§ **GIVEN DATA**:
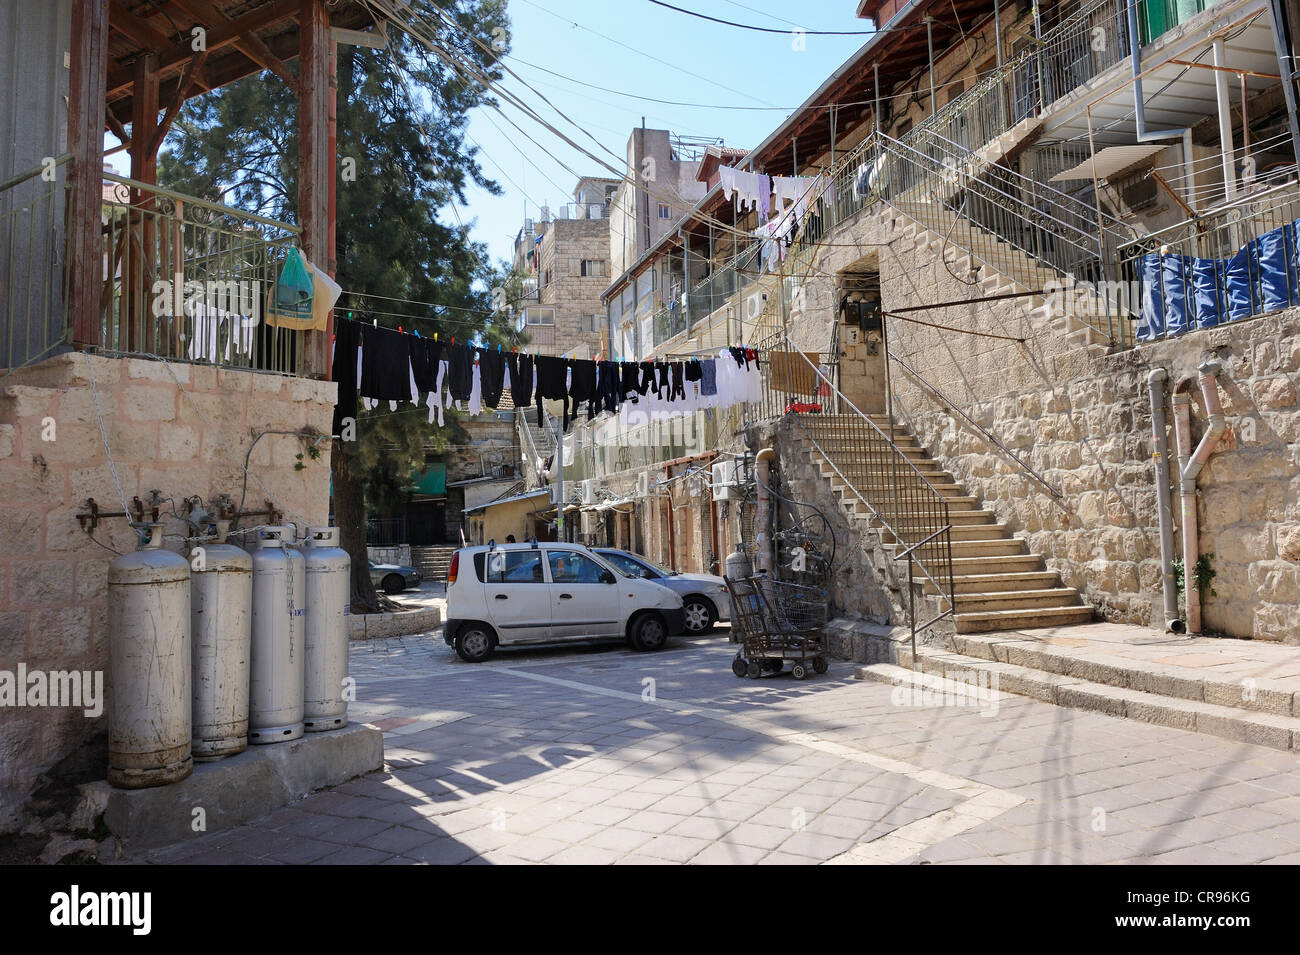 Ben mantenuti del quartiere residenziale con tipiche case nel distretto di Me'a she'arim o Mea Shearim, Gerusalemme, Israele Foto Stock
==
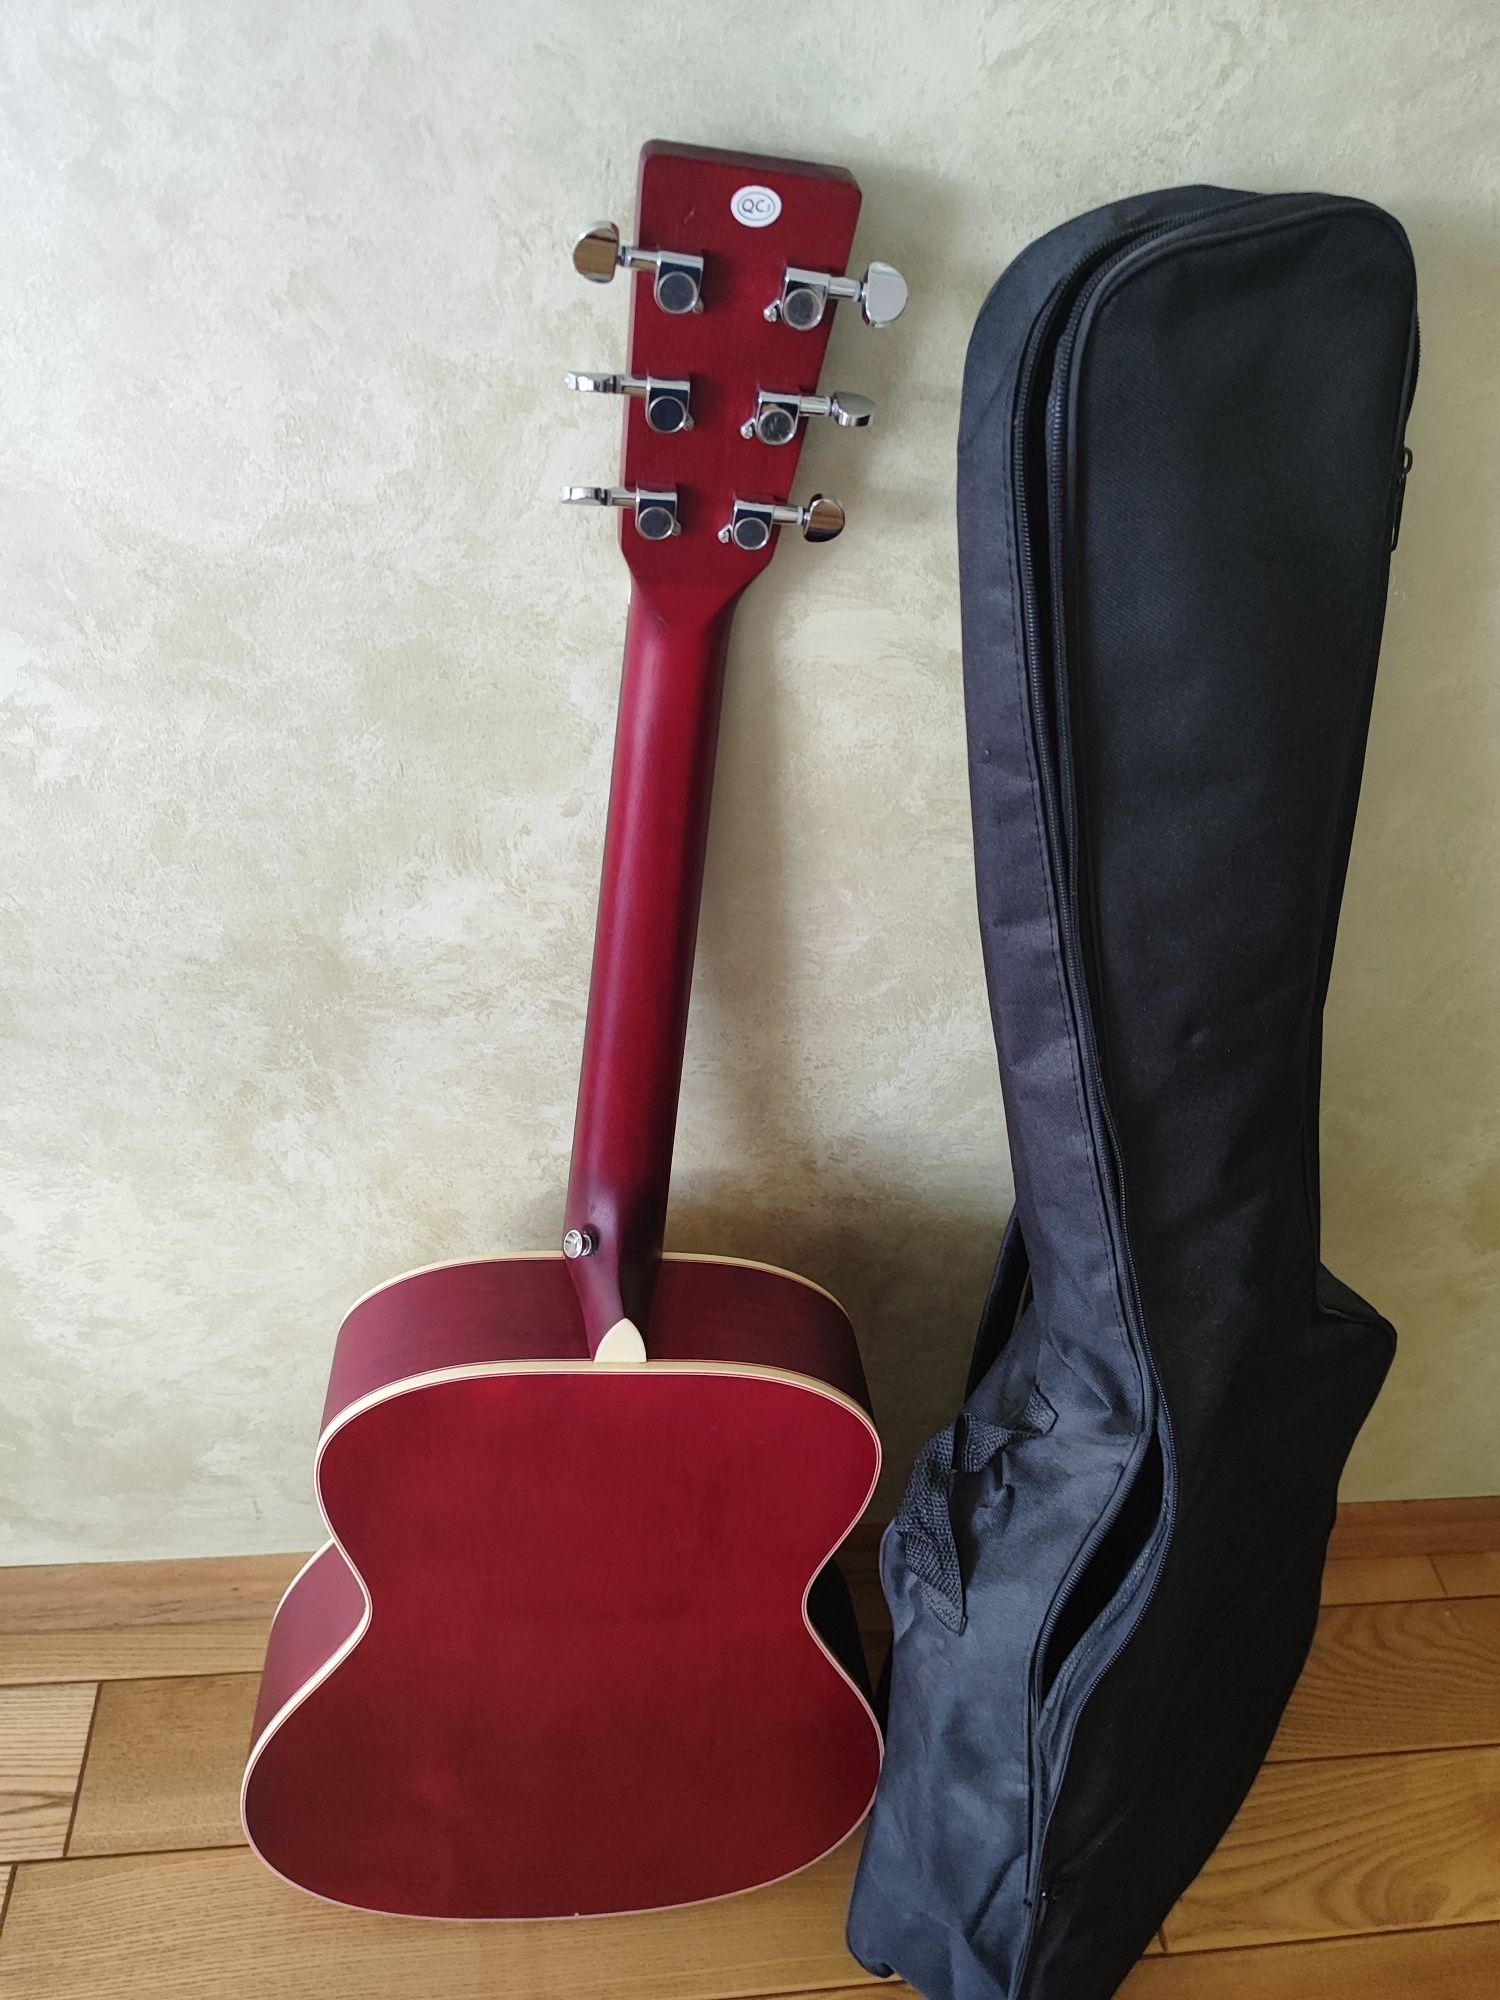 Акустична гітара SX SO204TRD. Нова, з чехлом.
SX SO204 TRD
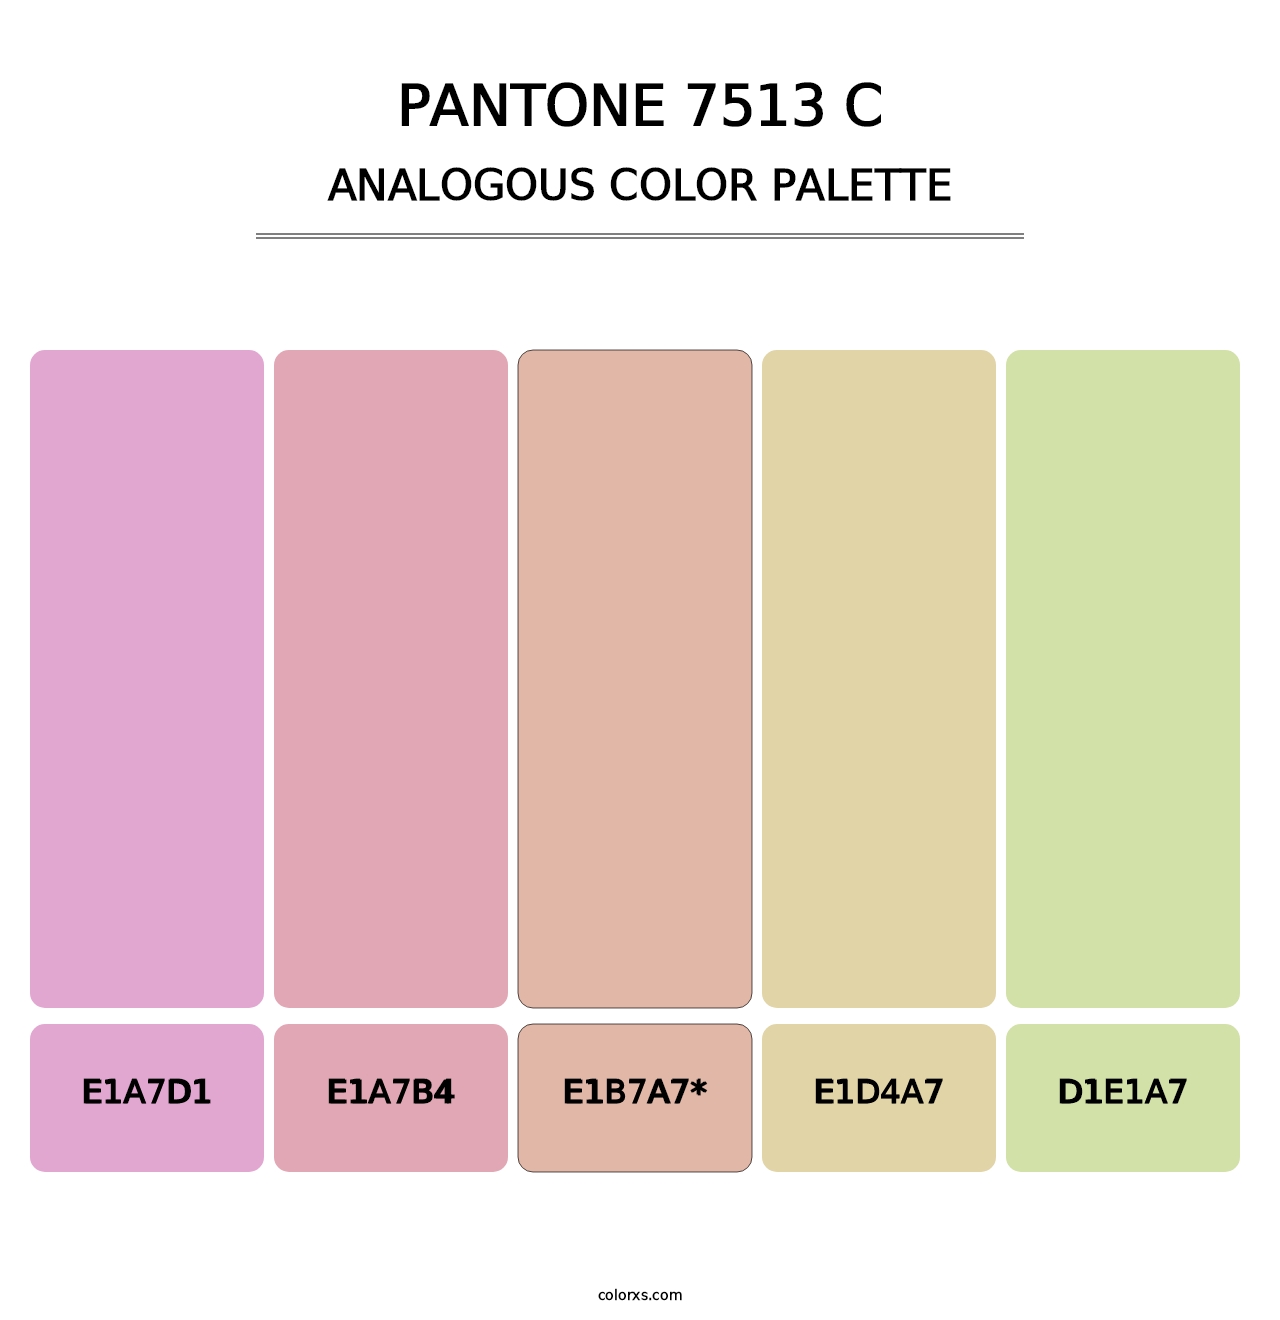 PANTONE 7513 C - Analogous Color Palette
==
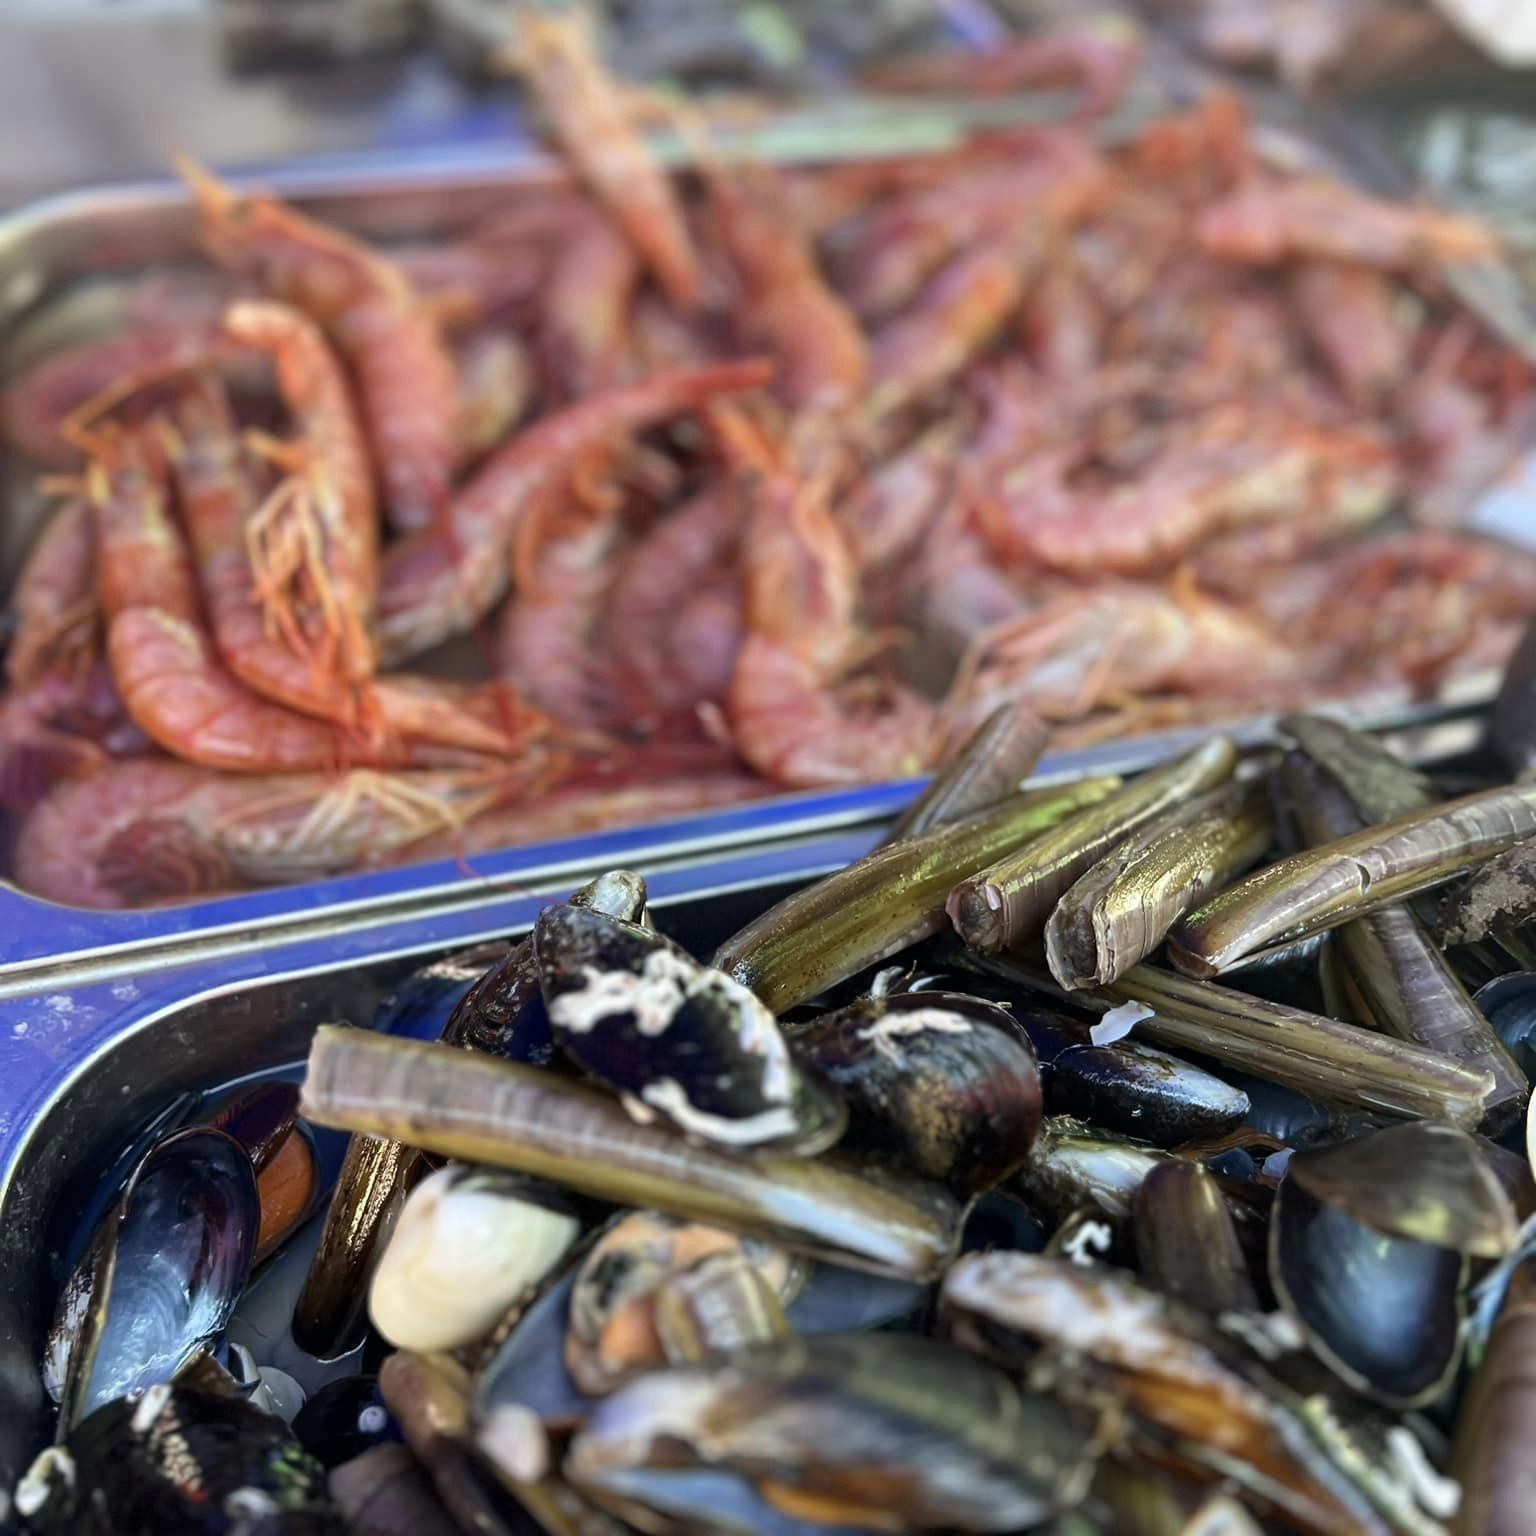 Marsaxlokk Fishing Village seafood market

§ **PROBLEM DESCRIPTION**:
The response must repeat exactly the lines above from the one with "SX SO204 TRD" through the one with "PANTONE 7513 C - Analogous Color Palette", including both, and must contain no pictures and no other text.

§ **SOLUTION TO THIS PROBLEM**:
SX SO204 TRD
 PANTONE 7513 C - Analogous Color Palette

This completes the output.